Quality Of Wisconsin Stormwater, 1989-94. Samples from mixed land use in Wisconsin (n=204).
Analysis of Nonpoint Source Pollution Runoff from Urban Land Uses in South Korea. 23 samples in Korea from high density residential, medium desntiy residential, industrial, institutional land uses.
Seasonal Performance Variations for Storm-Water Management Systems in Cold Climate Conditions. 15 samples from transportation land use in New Hampshire.
Determination of event mean concentrations and first flush criteria in urban runoff. 31 samples from transportation land use in Los Angeles.
Multiple linear regression models of urban runoff pollutant load and event mean concentration considering rainfall variables. 45 samples from commercial, industrial, and high density land uses.
Stormwater runoff driven phosphorus transport in an urban residential catchment: Implications for protecting water quality in urban watersheds. 29 events from low density land use in Florida.
Sources of phosphorus and street dirt from Two Urban Residential Basins in Madison, Wisconsin, 1994-95. 25 samples from medium density land use in Wisconsin.
Nutrient Sources in Urban Areas – A Literature Review. Report summarizing multiple studies in Colorado. Land uses include residential, mixed, commercial, and open space.
Contribution of surface runoff from forested areas to the chemistry of a through-flow lake. Forested land use in Poland.

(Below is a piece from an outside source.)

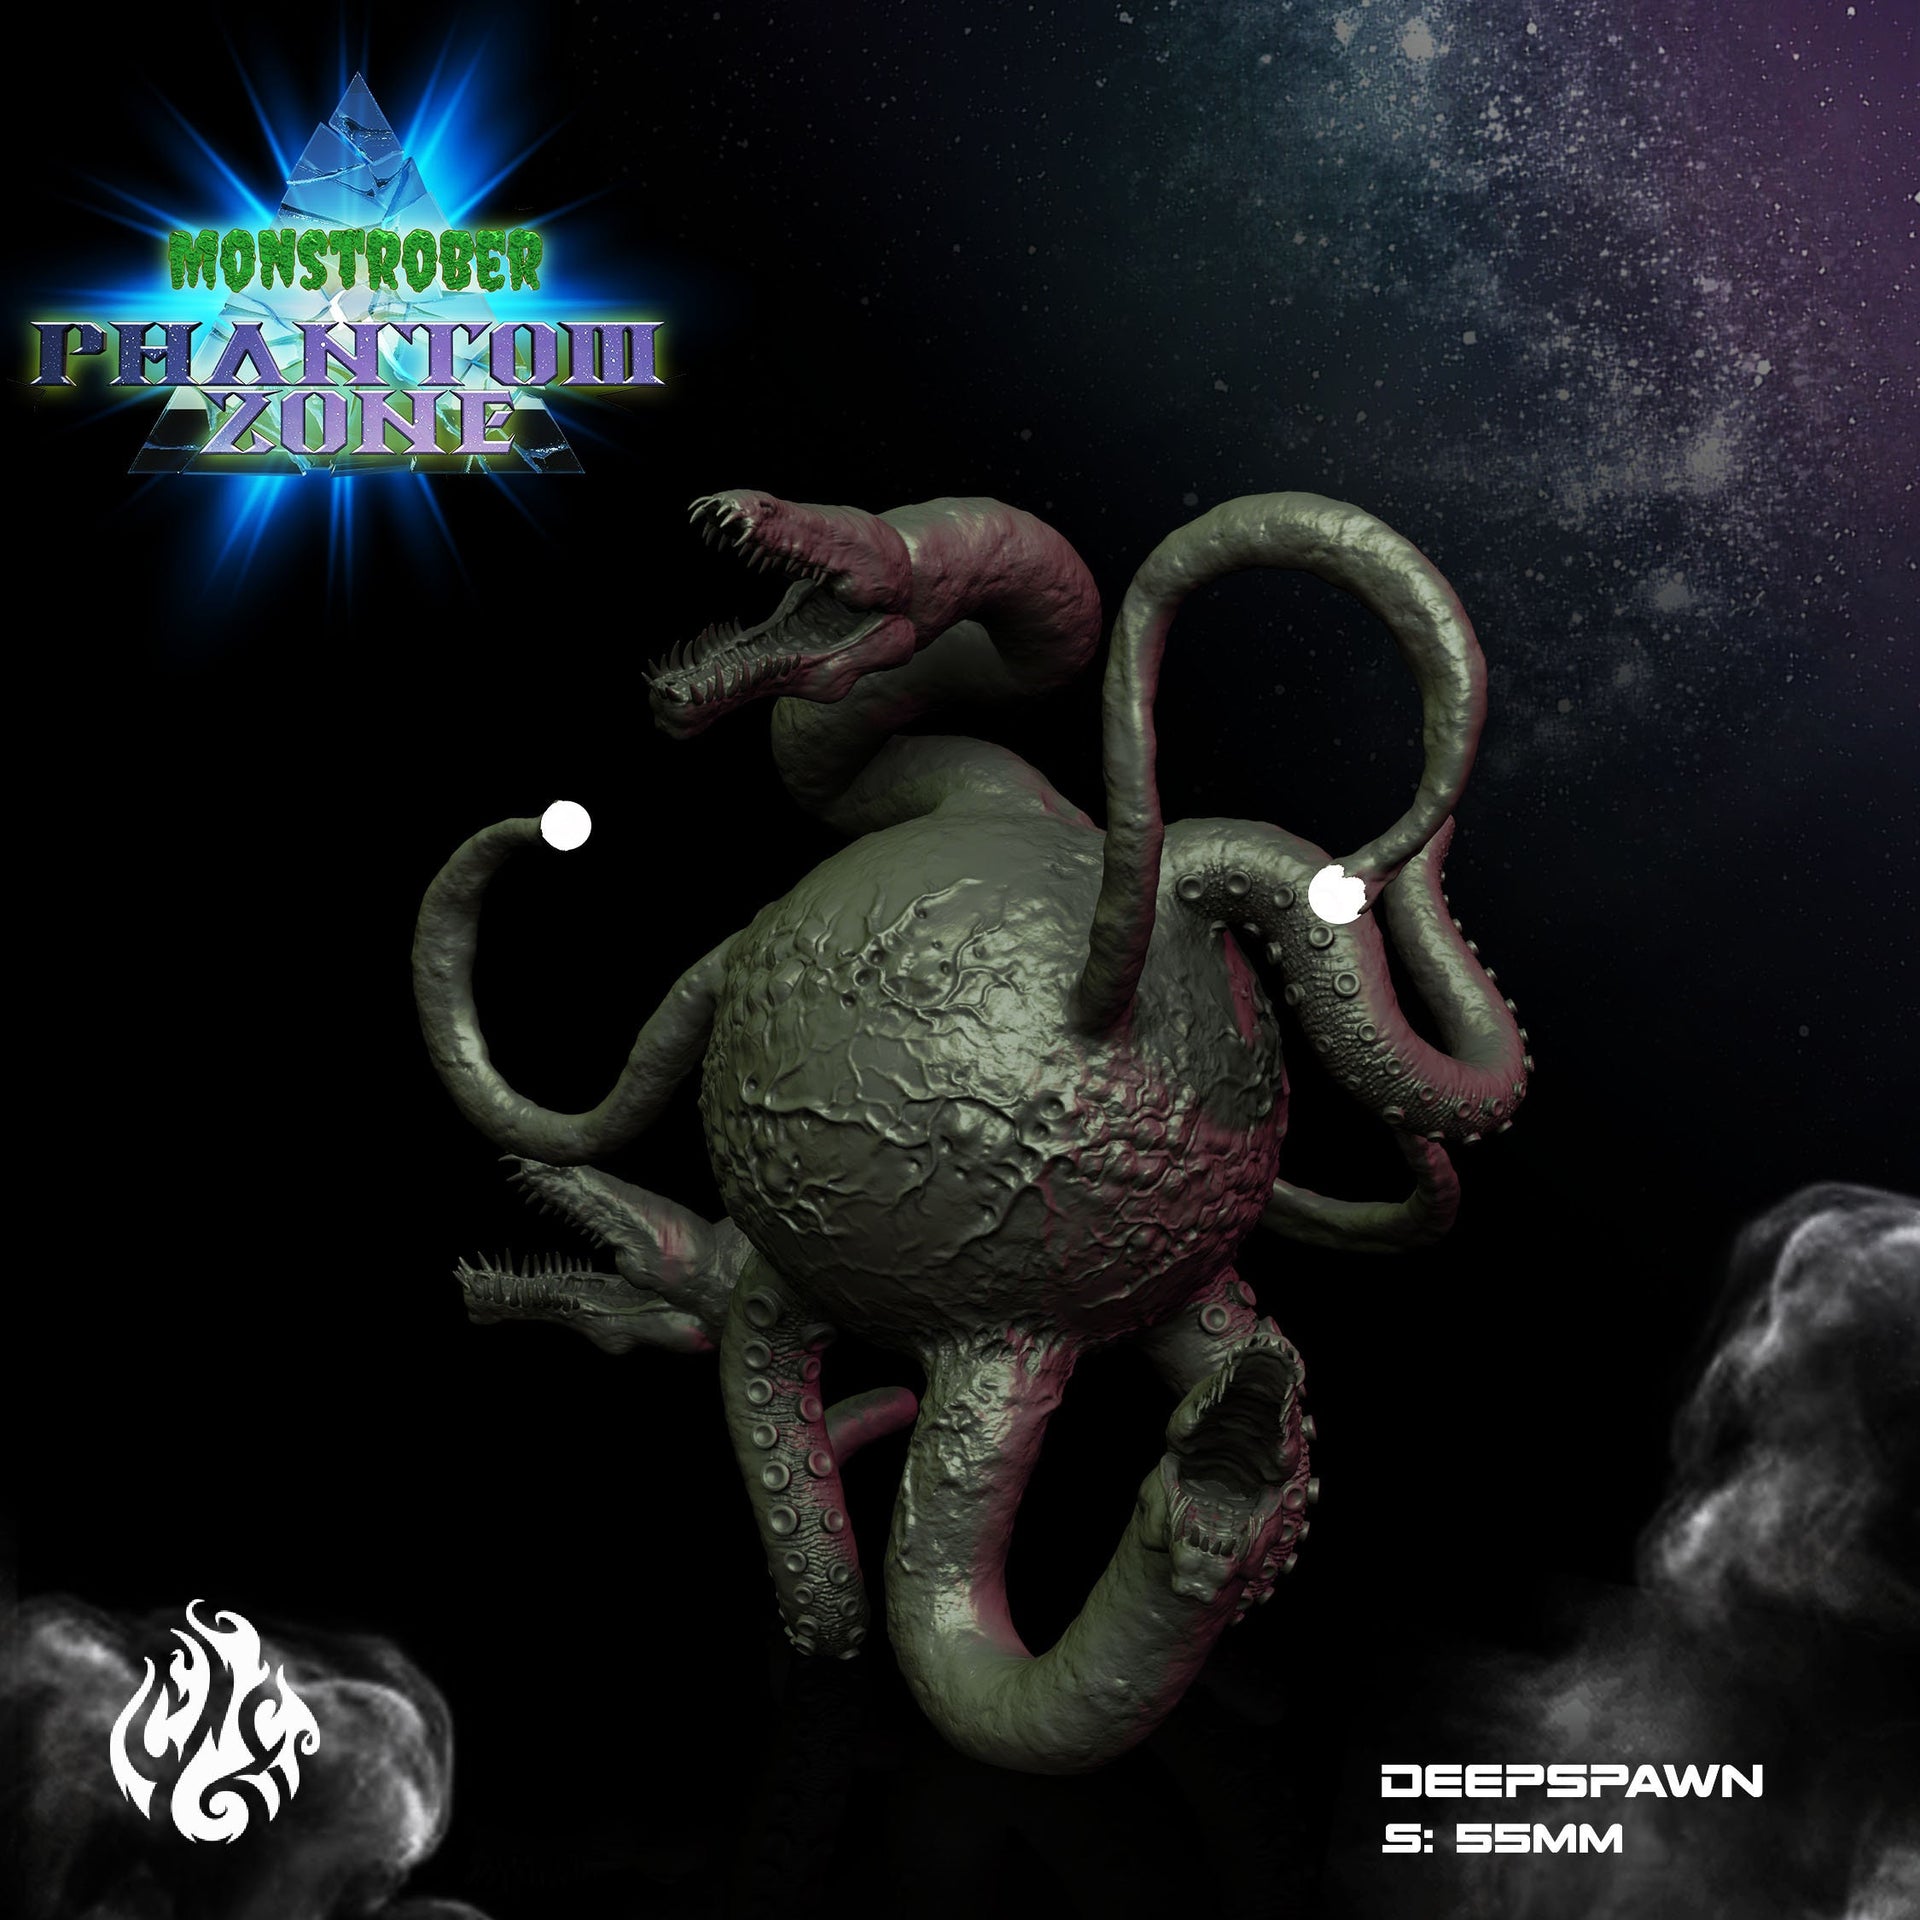 Deepspawn - Crippled God Foundry - Phantom Zone 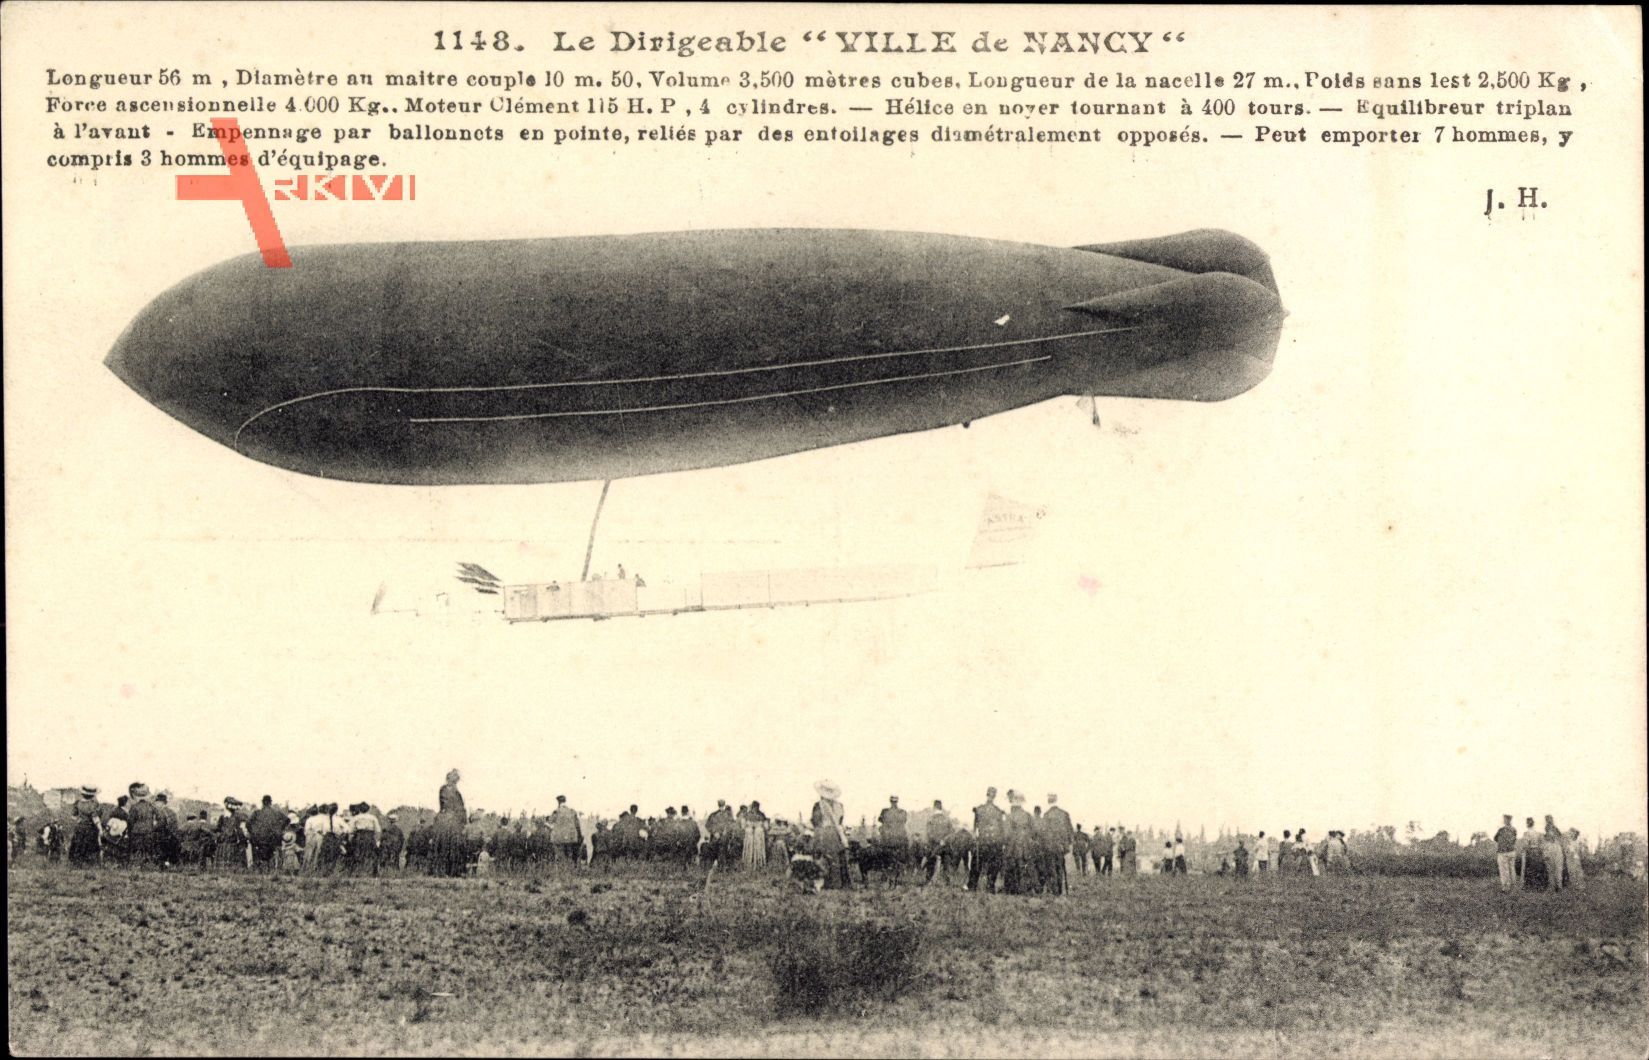 Dirigéable Ville de Nancy, Zeppelin über einem Landefeld

In addition to the above sources, we compiled water quality monitoring data from 10 storm sewer outfalls in the Capitol Region Watershed in Minnesota. The data period for each outlet varied but generally spanned the period from about 2005 to 2019. The following information was compiled for each monitoring location.

Date
Total phosphorus, dissolved phosphorus, and orthophosphate as P, all in mg/L.
Sample type, which included runoff samples during precipitation events, snowmelt samples, and baseflow samples for those locations where groundwater contributed to flow.

We also downloaded the 2015 National Stormwater Quality Database. The dataset includes information from across the U.S. We selected only data from Region 1, which includes Minnesota, for analysis. Only data on total phosphorus was available. Four land uses included commercial, industrial, residential, and open space, with the number of samples for each land use varying.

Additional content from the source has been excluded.